Apple has announced that Steve Jobs will not deliver the opening keynote presentation at the upcoming Macworld Expo in San Francisco on January 6th, 2009. Phil Schiller, Apple’s senior vice president of Worldwide Product Marketing, will take the stage in Jobs’ place. In addition, Apple announced that this is the final year in which Apple will exhibit at the Macworld Expo, pointing to the decreasing relevance of trade shows as Apple has expanded its direct contact with customers via retail stores and the company’s website.

MacWorld is one of the biggest Mac-related trade shows and the Steve Jobs keynote has always been the highlight. Many new Apple products have been announced here in the past. This is a significant press release, but not just for Apple enthusiasts. Many others have commented on the declining relevance of the trade show/expo format, and having endured quite a number of them on a variety of subjects – albeit never an Apple one – I certainly wouldn’t mourn their passing.

And that was when I was only a visitor. In January, though, we’ll have a stand at BETT – the big UK jamboree for education-related technologies.

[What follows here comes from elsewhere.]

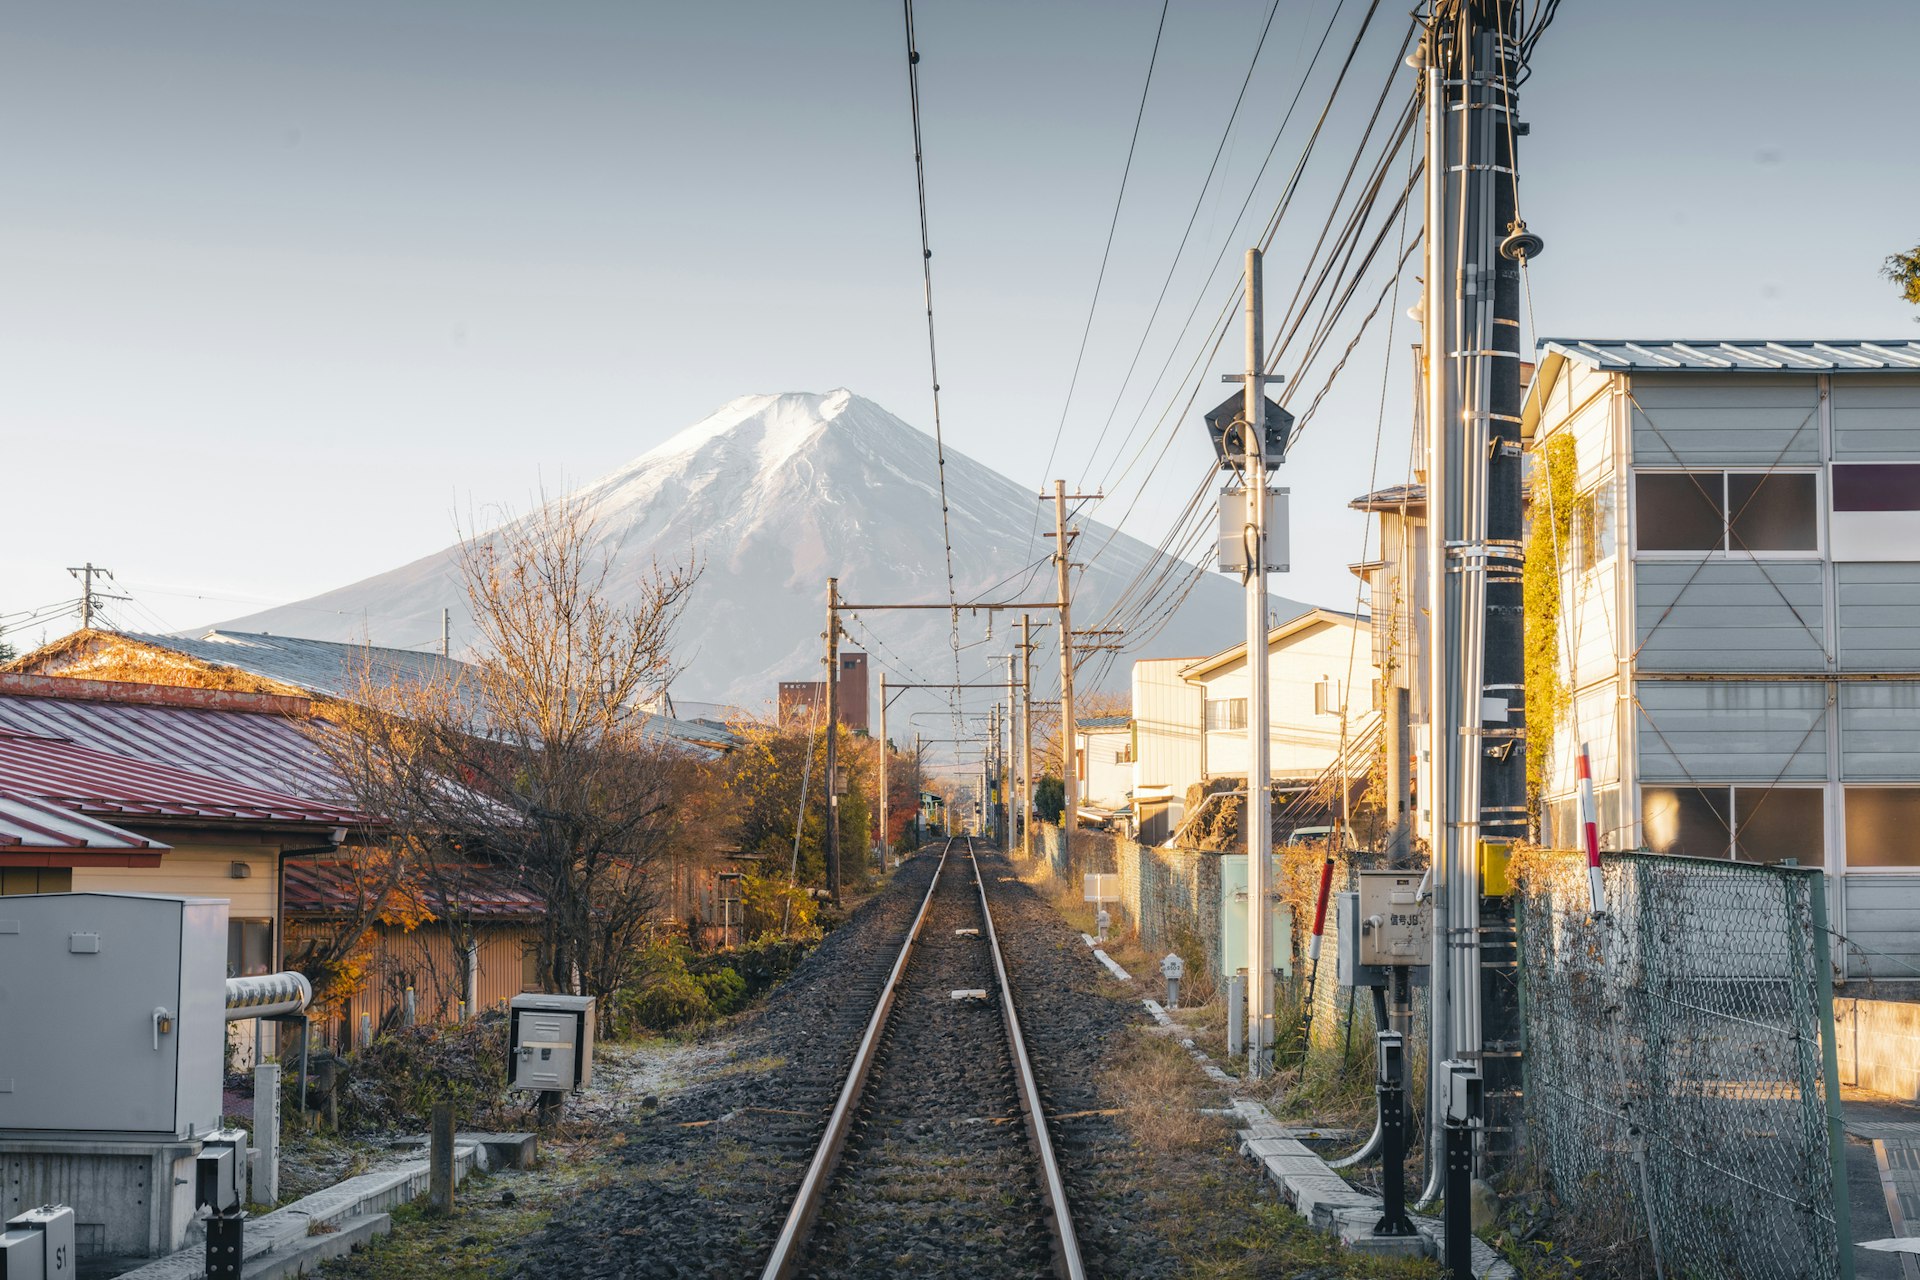 A single-track train line heading towards the iconic shape of Mount Fuji

The charges for our small stand are ludicrous – £120 per power socket, for example, and over £300 for the most basic internet connection. The plentiful spam, junk mail and telesales calls we’ve received since registering as an exhibitor are another disincentive ever to do this again. And that’s just the start. Big companies like Apple spend many millions on attending such events.

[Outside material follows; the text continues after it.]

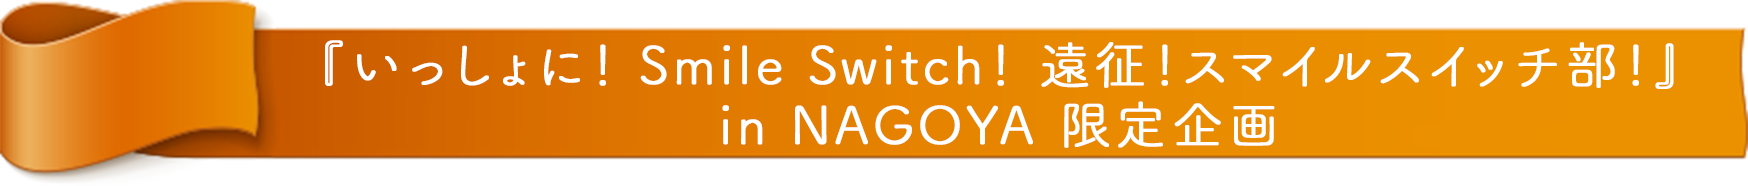 『FUJIYA いっしょに！ Smile Switch！ 遠征！スマイルスイッチ部！ in NAGOYA』 限定企画

So perhaps the trade shows are not long for this world. But, in the short term, it’s still deemed to be an important way to communicate with existing customers and to reach new ones. We’ll soon find out whether that’s the case. Please do come along and see us at BETT. Remember how we suffer to be there for you!

Besides, you should visit these shows while they still last, so you can tell your children about them…

A numbers game

I keep most of my email, except for spam and obviously temporary stuff. And I’m fairly careful about removing myself from mailing lists whenever possible.

But I notice that my IMAP server is currently storing just under 57,000 of my past messages. That’s over 9 years, so the average is only 17 per day that I’ve kept. It still seems like a big number, though!

Backup wisdom

I’ve been thinking about and experimenting with various backup options recently, seeking the One True Backup Solution. In my search for enlightenment I came across a rather nice site called The Tao of Backup.

Sequel server

Many of my readers, I know, have been good enough to read Rose’s novel, The Blackstone Key, and I suppose it would be terribly churlish to suggest that it might make a good Christmas present for somebody, so I shall avoid doing so.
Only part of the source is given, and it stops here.